During the California Gold Rush, Los Angeles was known for its violence, gambling and "vice" and lack of effective civil law enforcement. It was reputed to have the highest murder rate in the United States at the time and the countryside was infested with bandits. Most men went armed with pistols and knives, and lynching was often the method used to dispose of lawbreakers, courts being few and ineffective.
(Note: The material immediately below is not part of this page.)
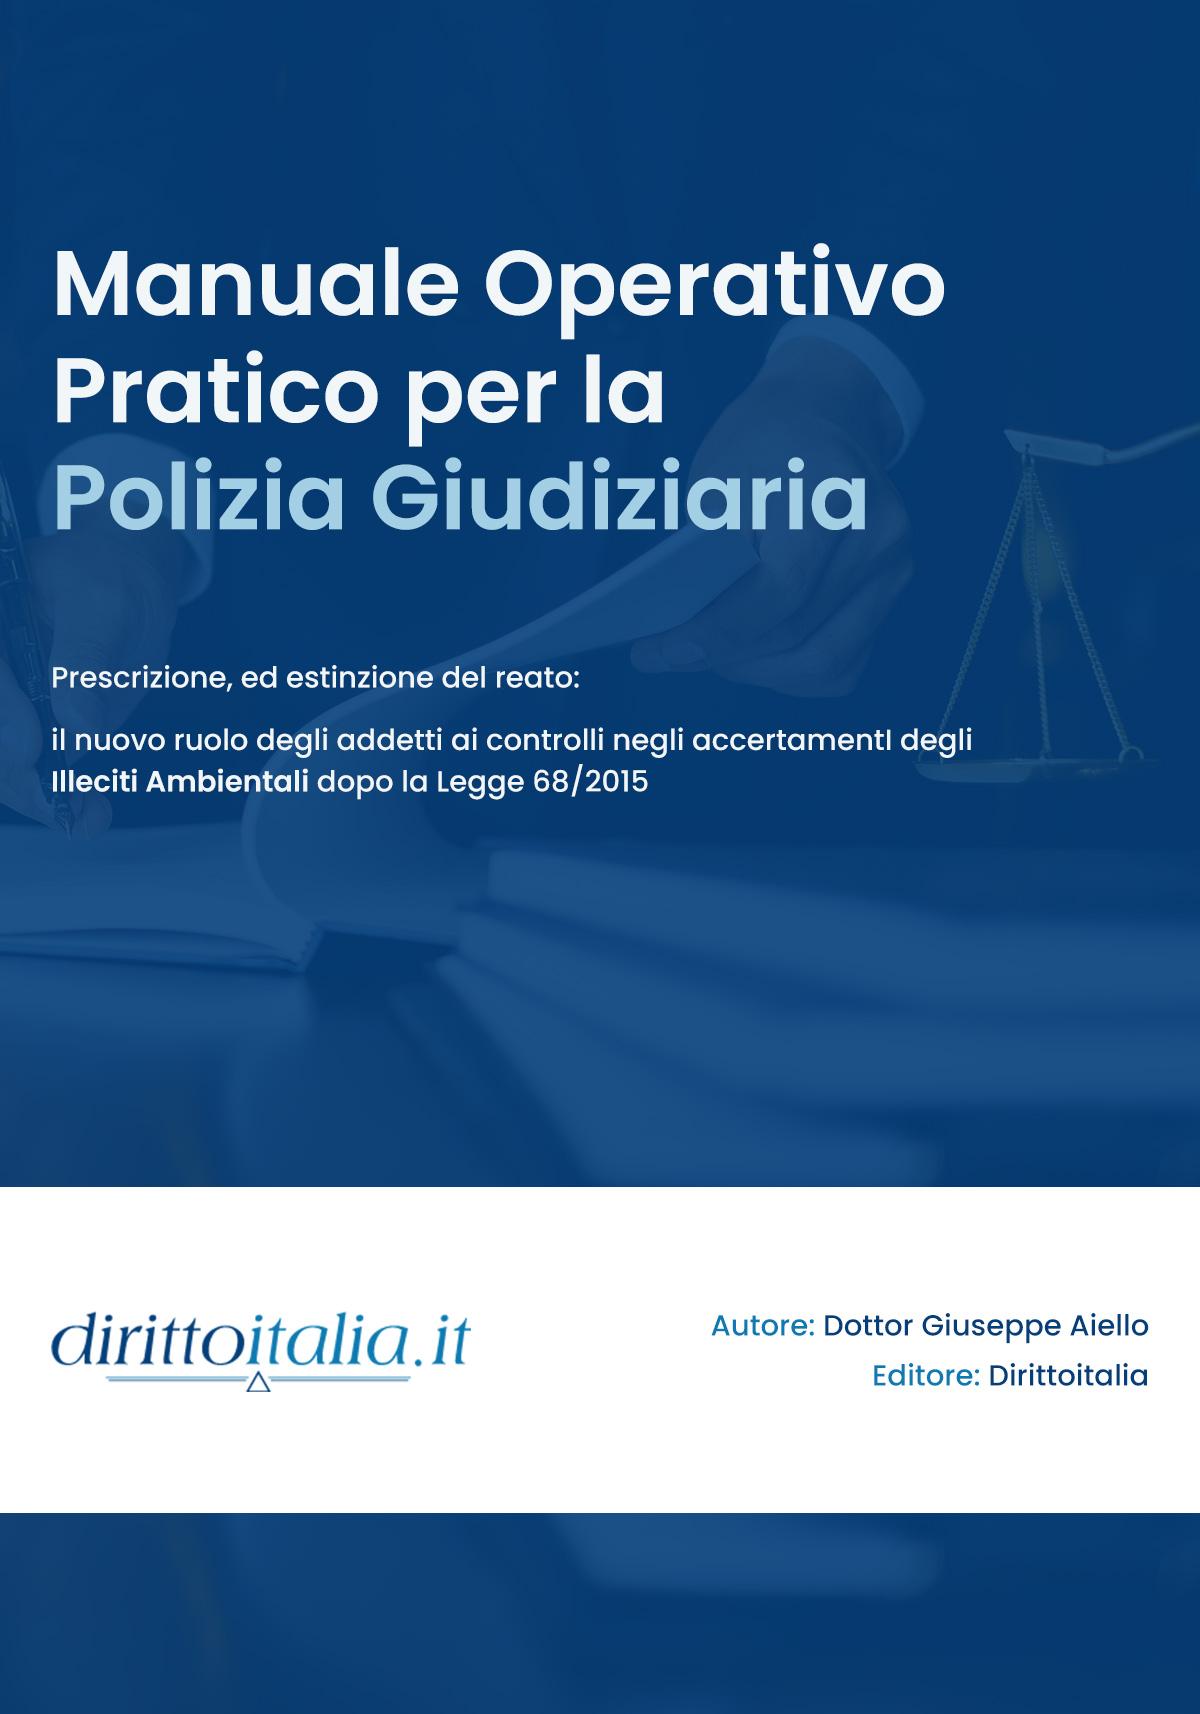 Manuale Polizia Giudiziaria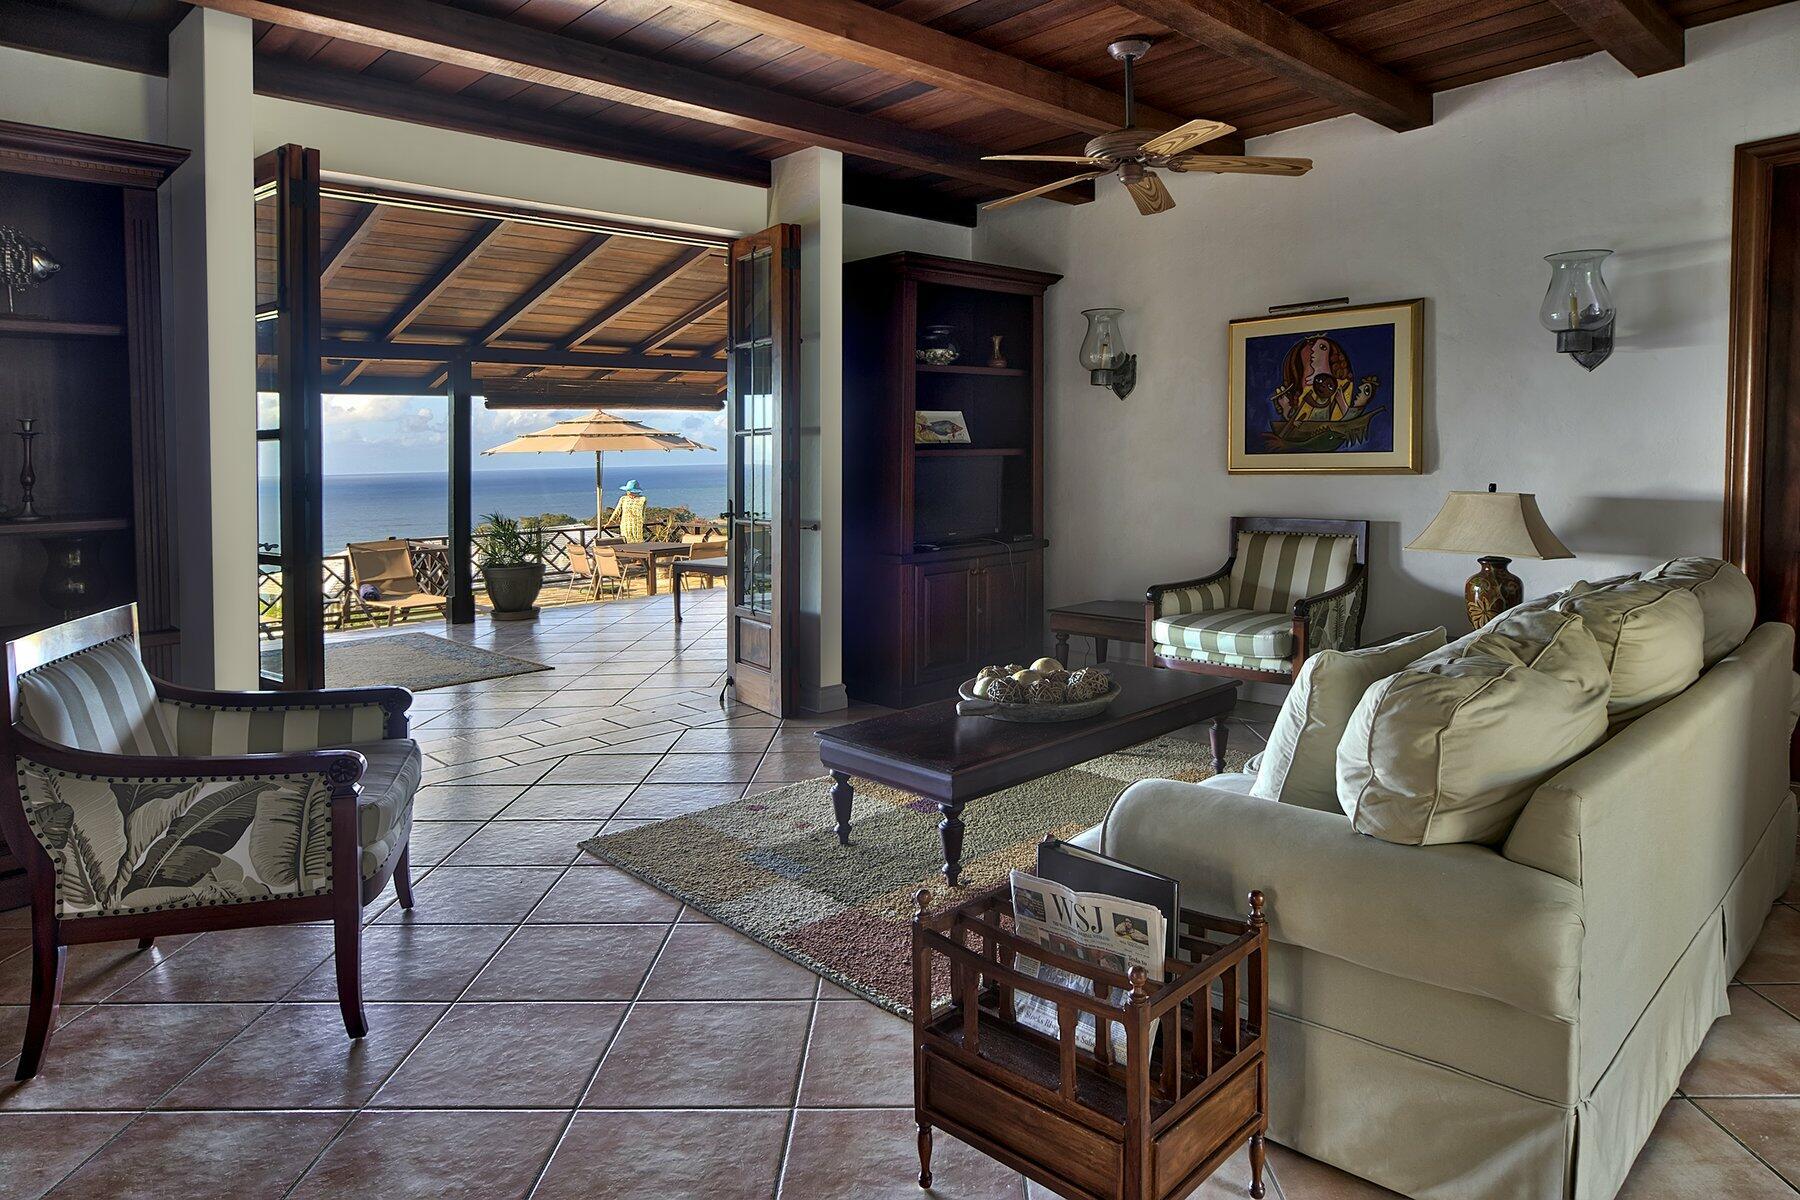 Living area of Trinidad villa with ocean view

The first specific Los Angeles police force was founded in 1853 as the Los Angeles Rangers, a volunteer California State Militia company that assisted the Los Angeles County Sheriff's Department in enforcing the law until its disbandment in 1857. The Rangers were supplemented from 1853 by the Los Angeles Guards, a local volunteer California State Militia company that lasted until 1880, and the Los Angeles City Guards, lasting from 1855 to 1861. The first paid police force was created in 1869, when six officers were hired to serve under City Marshal William C. Warren. Warren was shot by one of his deputies, Joe Dye, in 1870 in a quarrel over a reward. To replace Warren, the newly created Board of Police Commissioners selected Jacob F. Gerkens. The latter was replaced within a year by saloon owner Emil Harris, the second of fifteen police chiefs from 1876 to 1889.

The first chief to remain in office for any time was John M. Glass; appointed in 1889, he served for eleven years and was a driving force for increased professionalism in the force. By 1900, there were 70 officers, one for every 1,500 people; in 1903, with the start of the Civil Service, this force was increased to 200, although training was not introduced until 1916. The rapid turnover of chiefs was renewed in the 1900s as the office became increasingly politicized; from 1900 to 1923 there were sixteen different chiefs. The longest-lasting was Charles E. Sebastian, who served from 1911 to 1915 before going on to become mayor.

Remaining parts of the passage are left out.